Italy's conservative leader wants women to hear another viewpoint on abortion


Italy's conservative leader wants women to hear another viewpoint on abortion

ROME — Italian Premier Giorgia Meloni’s government wants to allow pro-life groups access to women considering ending their pregnancies, 46 years after abortion was legalized in the overwhelmingly Catholic country.

The Senate on Tuesday was voting on legislation tied to European Union COVID-19 recovery funds that includes an amendment sponsored by Meloni’s Brothers of Italy party. The text, already passed by the lower Chamber of Deputies, allows regions to permit groups “with a qualified experience supporting motherhood” to have access to public support centers where women considering abortions go to receive counseling.

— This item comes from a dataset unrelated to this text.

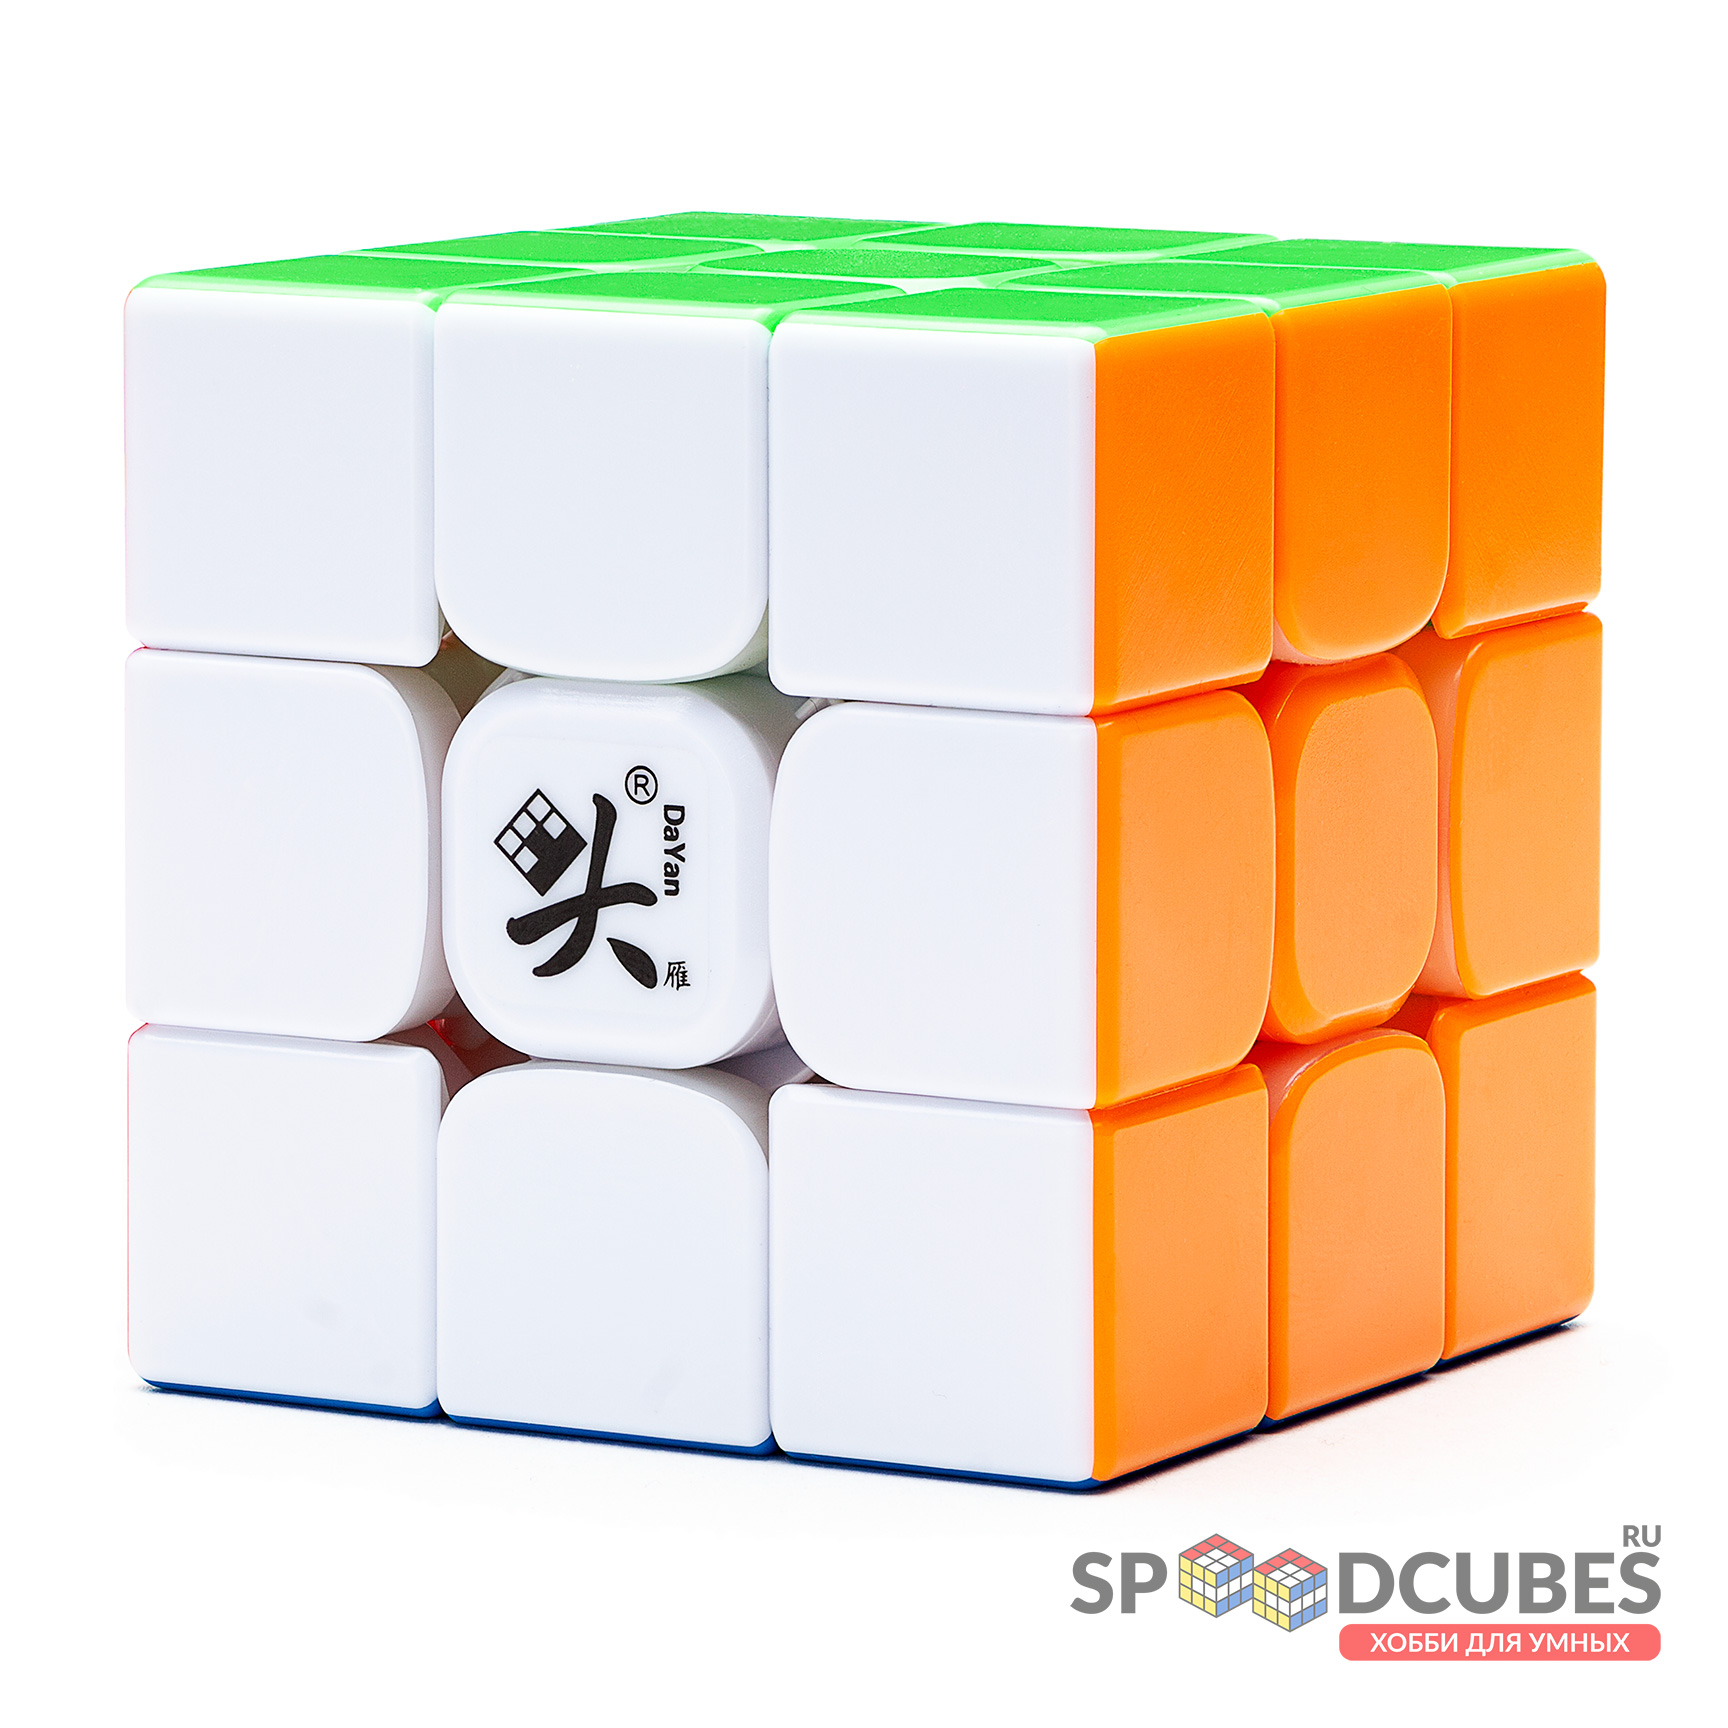 DaYan 3x3x3 TengYun V2 M

For conservatives, the amendment merely fulfills the original intent of the 1978 law legalizing abortion, known as Law 194, which includes provisions to prevent the procedure and support motherhood.

Under the 1978 law, Italy allows abortion on request in the first 12 weeks of pregnancy, or later if a woman’s health or life is endangered. It provides for publicly funded counseling centers to advise pregnant women of their rights and services offered if they want to terminate the pregnancies.

But the law allows health care personnel to register as conscientious objectors and refuse to perform abortions, and many have.

Meloni, who campaigned on a slogan of “God, fatherland and family,” has insisted she won’t roll back the 1978 law and merely wants to implement it fully. But she has also prioritized encouraging women to have babies to reverse Italy's demographic crisis.